# WHAT THE EXERCISE ASKS
Give the listing again character for character, but drop the images.
##### MATERIAL PROVIDED
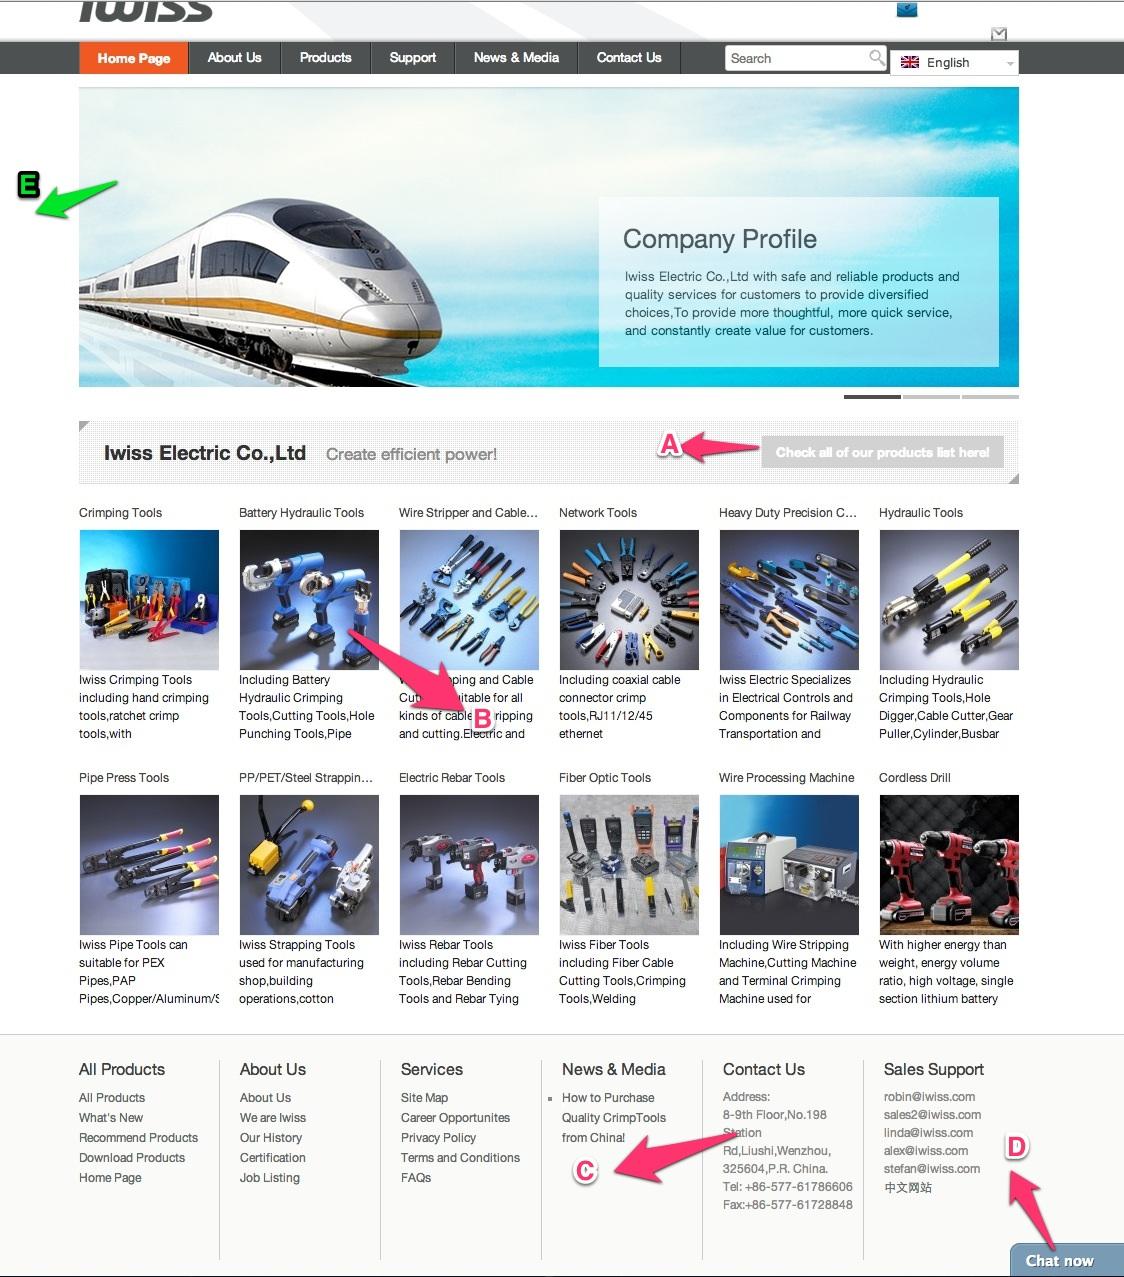 米课学员优秀营销型网站分析
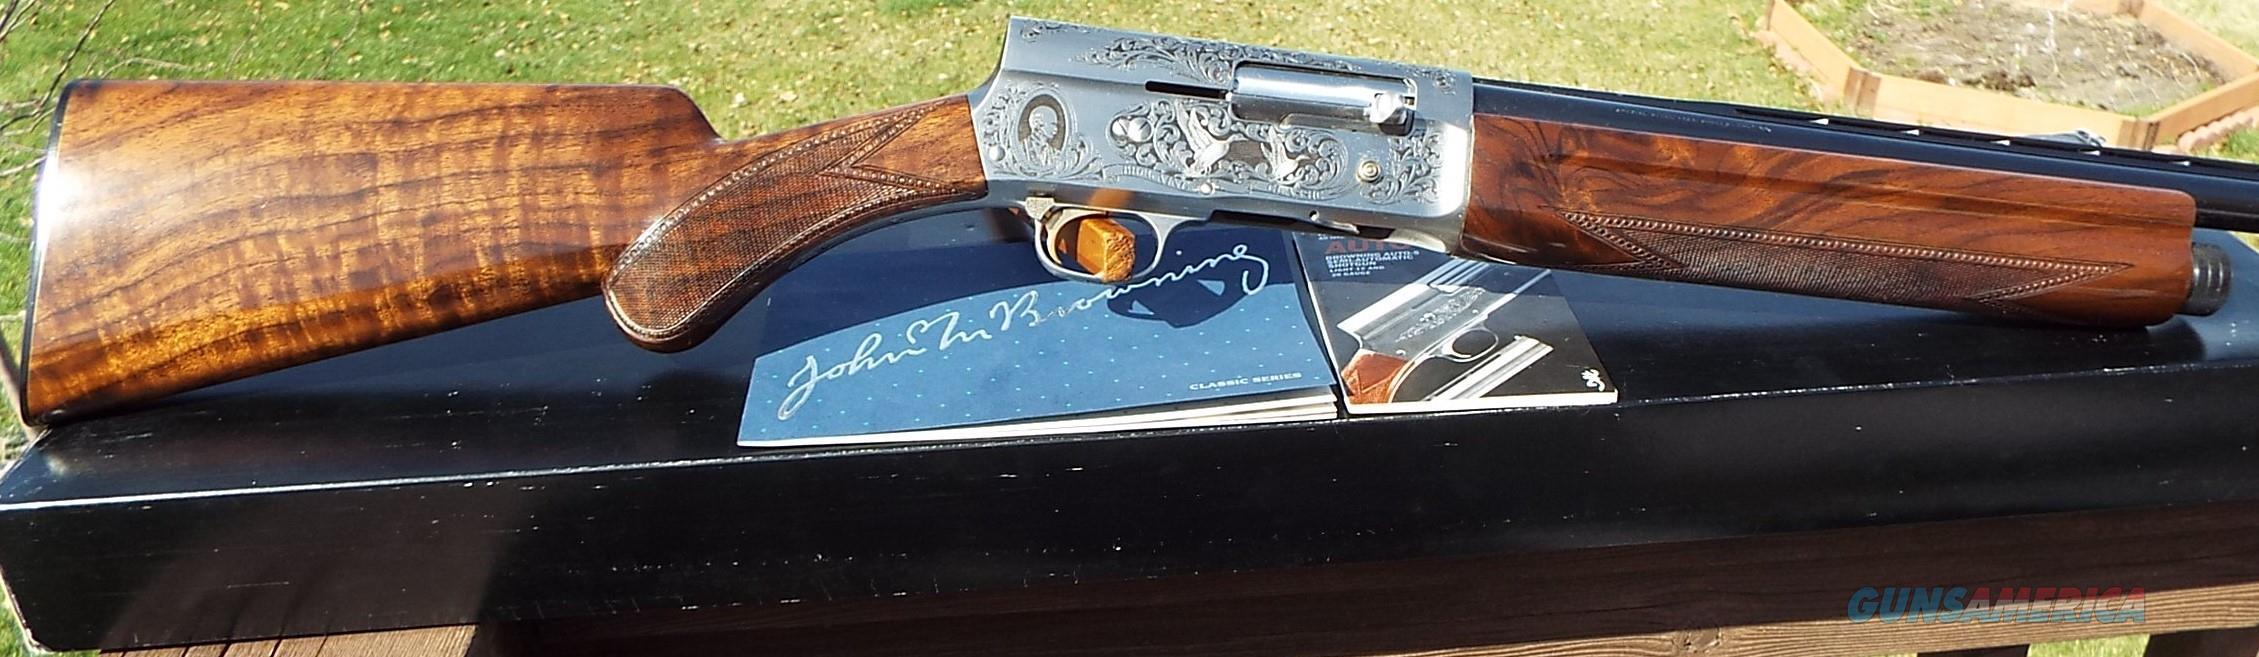 Browning A5 CLASSIC Engraved 12 ga. Box    LAYAWAY OPTION  Guns > Shotguns > Browning Shotguns > Autoloaders > Hunting
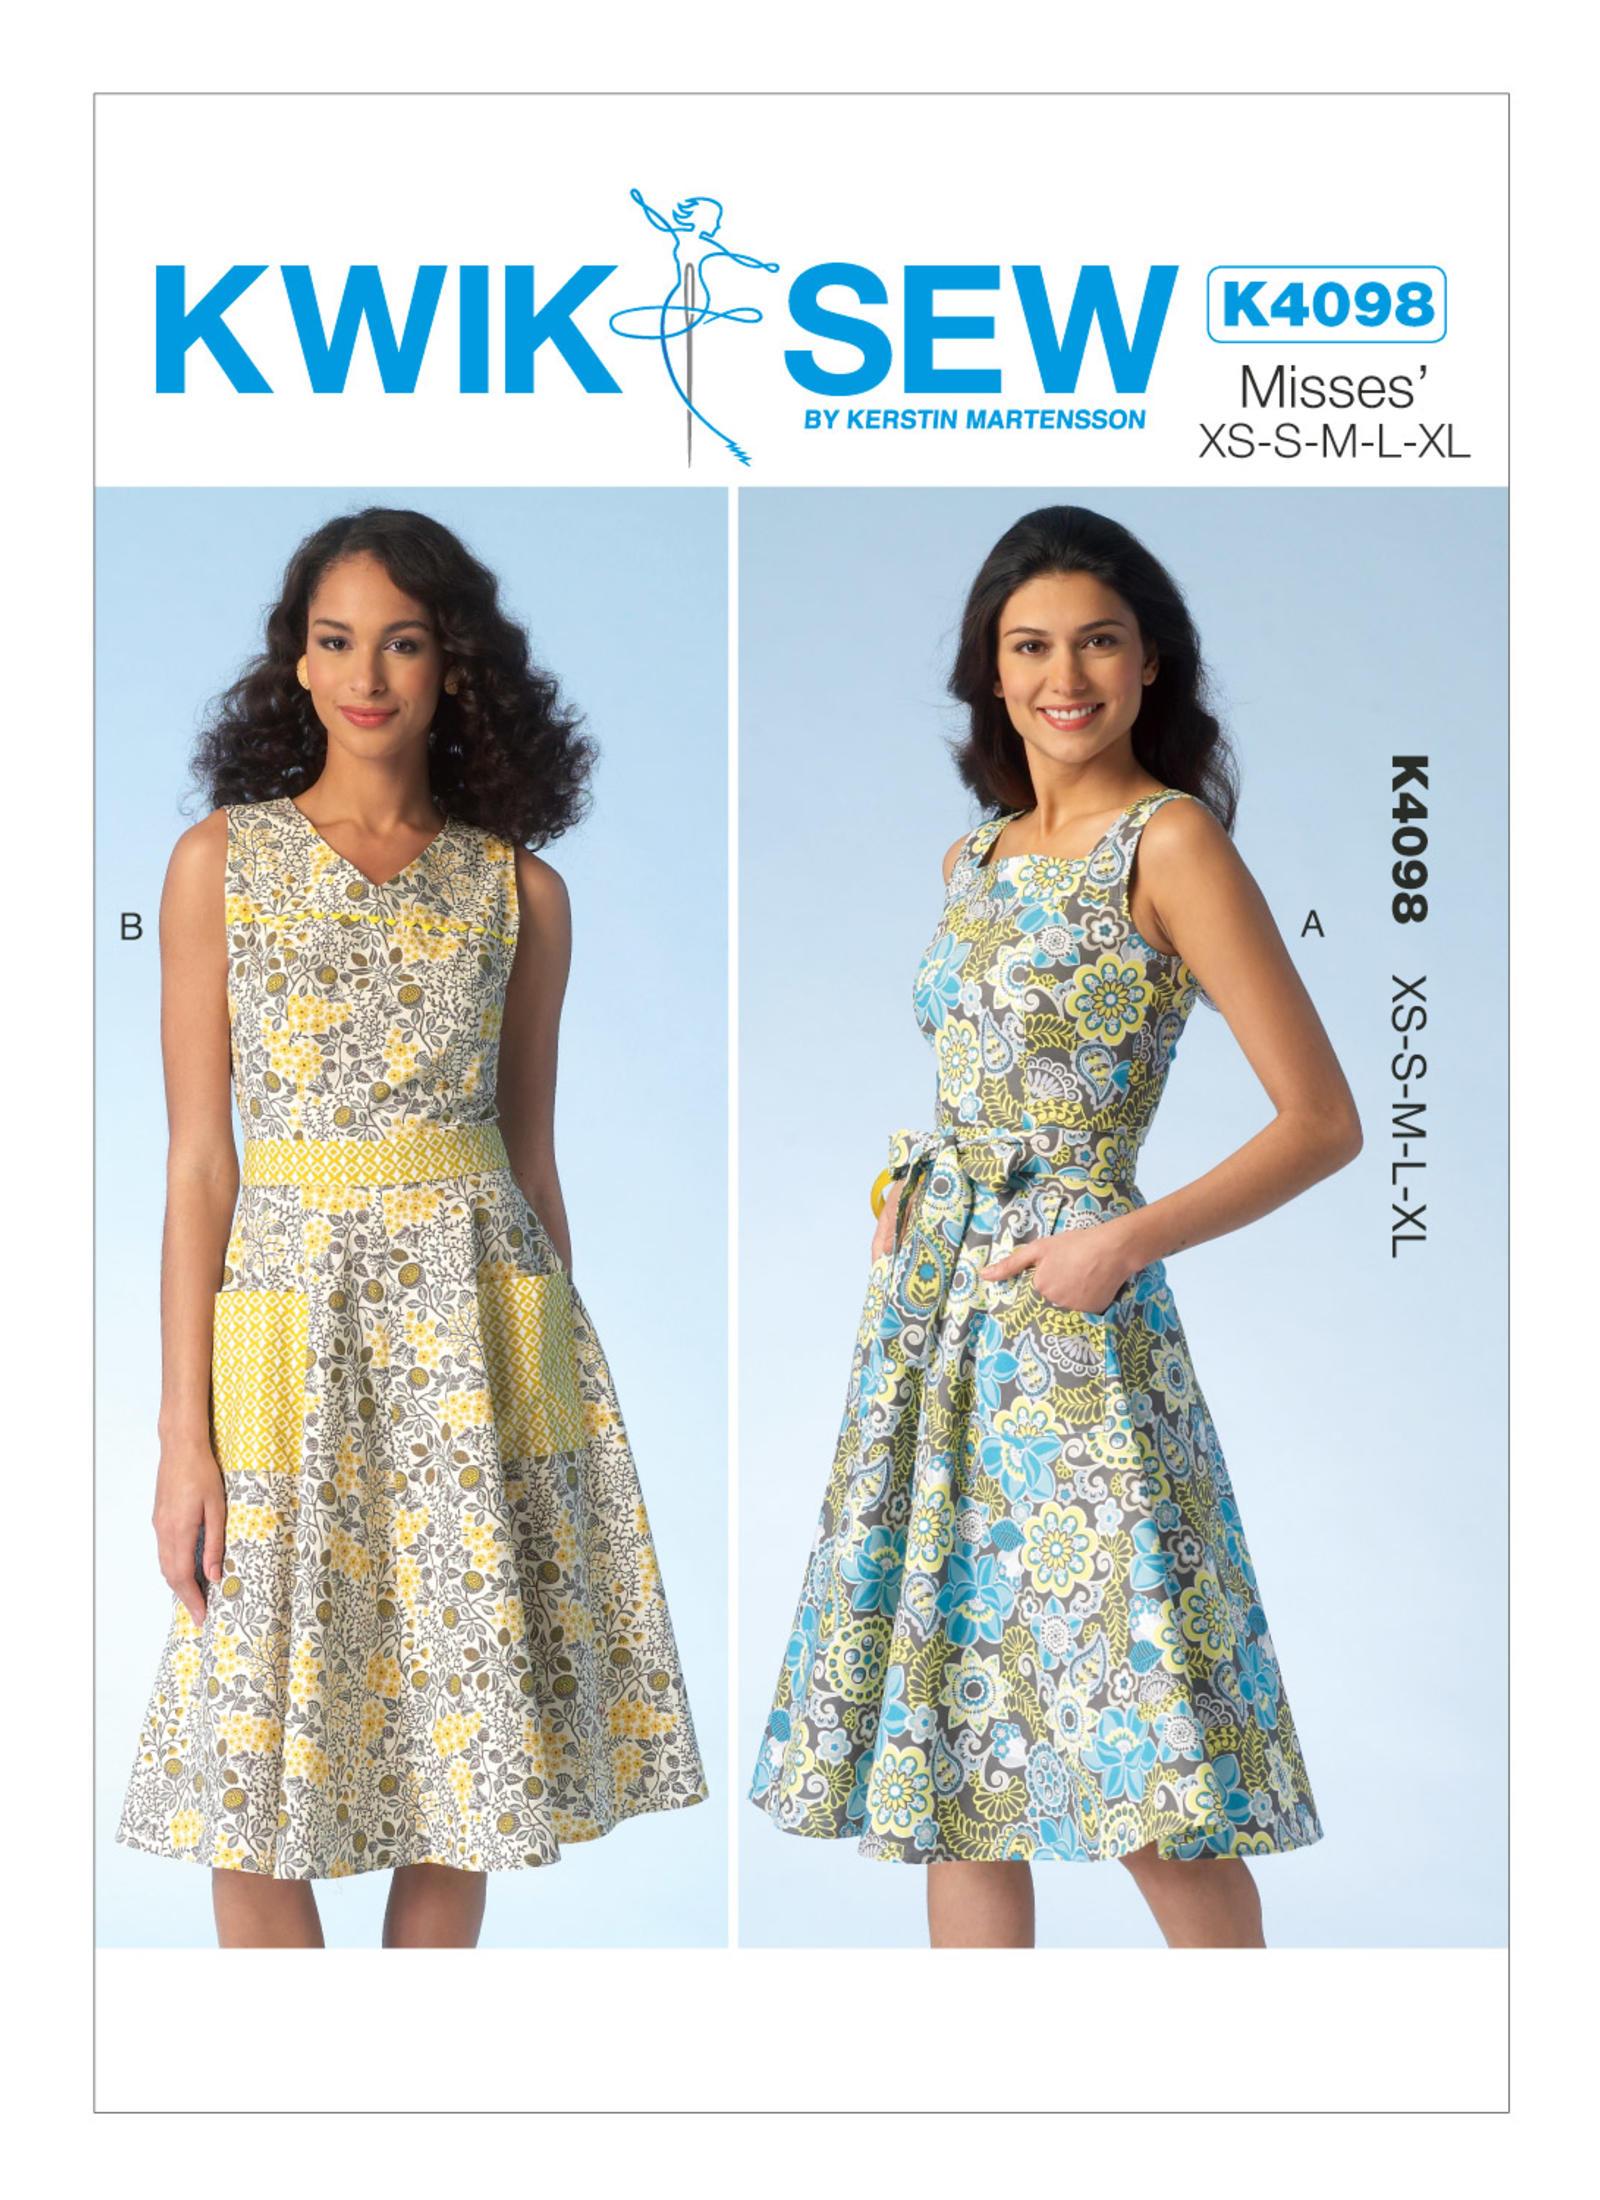 แพทเทิร์นตัดเดรสกระโปรงบาน Kwik Sew 4098 Size: XS-S-M-L-XL (อก 31.5 - 45 นิ้ว)
##########
# ANSWER FOR THIS EXERCISE
 米课学员优秀营销型网站分析
 Browning A5 CLASSIC Engraved 12 ga. Box    LAYAWAY OPTION  Guns > Shotguns > Browning Shotguns > Autoloaders > Hunting
 แพทเทิร์นตัดเดรสกระโปรงบาน Kwik Sew 4098 Size: XS-S-M-L-XL (อก 31.5 - 45 นิ้ว)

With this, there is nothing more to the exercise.